When R_Y movement occurs, the amount of movement of both eyes on the horizontal axis is different from each other as shown in Figure 8a, whereas it is almost similar in case of T_Z movement as shown in Figure 8b. Based on this, our system discriminates the case of R_Y movement from that of T_Z movement, and compensates the user’s head movement by compensating the pupil-corneal SR vector in the image based on Equation (30).
3. Experimental Results
3.1. Comparisons of Gaze Tracking Errors without and with Our Compensation Methods
To compare the gaze accuracies with or without the proposed head movement compensation, we performed experiments with data from ten subjects. In most previous research on gaze tracking, experiments were performed with less than ten subjects. In the research of [15,16,19,20], and [23], the number of subjects participating in the experiments were seven, nine, two, three and six subjects, respectively. Each subject moved his or her head according to two movements (translation and rotation), three axes (X, Y, and Z), and two directions (plus and minus of the translation, clockwise and counterclockwise rotation). The proposed algorithm was executed on a desktop computer having a CPU configuration of 3.47 GHz (Intel (R) Core (TM) i7 CPU X 990) and 12 GB RAM with a monitor of diagonal size of about 48.3 cm and having 1280 × 1024 pixel resolution. As a gaze tracking camera, a conventional web-camera was used (Logitech C600 [30]). The viewing angle of camera lens is 10° (−5°–+5°). Therefore, the size of the viewport at the typical Z-distance (about 70 cm) is approximately 12.2 cm (=2 × 70 × tan5°). The viewing angle of original camera lens is much larger than 10 degrees. However, with this lens, the eye region becomes too small in the captured image, which can degrade the accuracy of gaze detection. Therefore, we replace the original lens by a zoom lens whose viewing angle is 10° (−5°–+5°) (whose focal length is 22 mm). This lens is made by other Korean optical lens company [31]. Using this lens, we can capture the magnified eye image.

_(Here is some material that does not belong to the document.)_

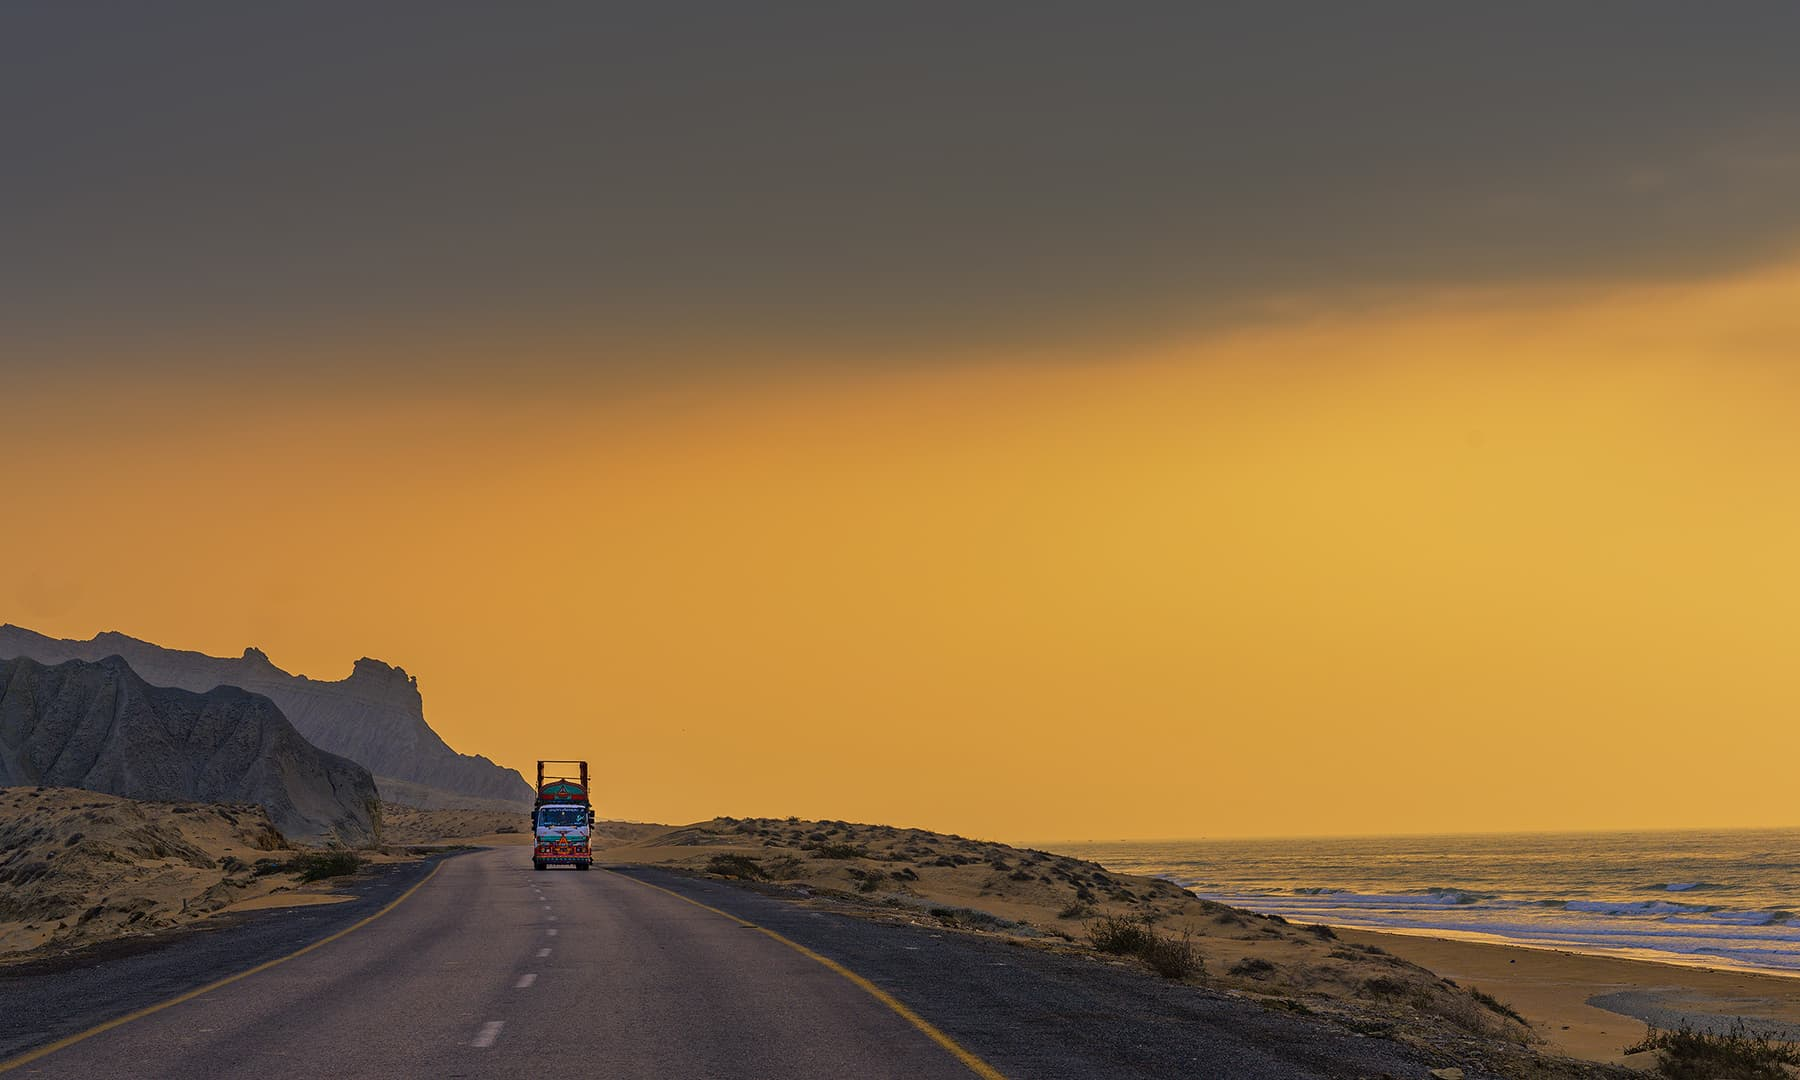 Coastal Highway, Hangul-Syed Mahdi Bukhari

In order to capture images at fast speed (30 frames/s), an image of 800 × 600 pixels was acquired, and was re-sized to 1600 × 1200 pixels by bi-linear interpolation. Although the image of 1600 × 1200 pixels can be captured by the camera, the data size of this image is four times larger than that of the image of 800 × 600 pixels. Therefore, the capturing speed becomes slower (7–8 frames/s (=30/4 frames/s)) due to the bandwidth limitation of the data transfer from the camera to computer, and the fast movement of user’s head and eye cannot be captured by the camera, consequently. In addition, through the resizing by bi-linear interpolation, additional pixel information of eye region can be obtained, through which more accurate detection of pupil and corneal SR can be possible, and the consequent accuracy of gaze detection becomes higher.
To get the NIR image, the NIR cutting filter inside the web-camera is replaced by a long pass filter (Wratten Filter No. 89B) which can pass the NIR light with a wavelength longer than 700 nm [32]. The proposed algorithm was implemented with C++ language using Microsoft Foundation Class (MFC) and OpenCV library (ver. 2.4.5 [33]). Figure 9 shows the experimental environment. In Figure 10, we show the examples of experimental images according to each head movement.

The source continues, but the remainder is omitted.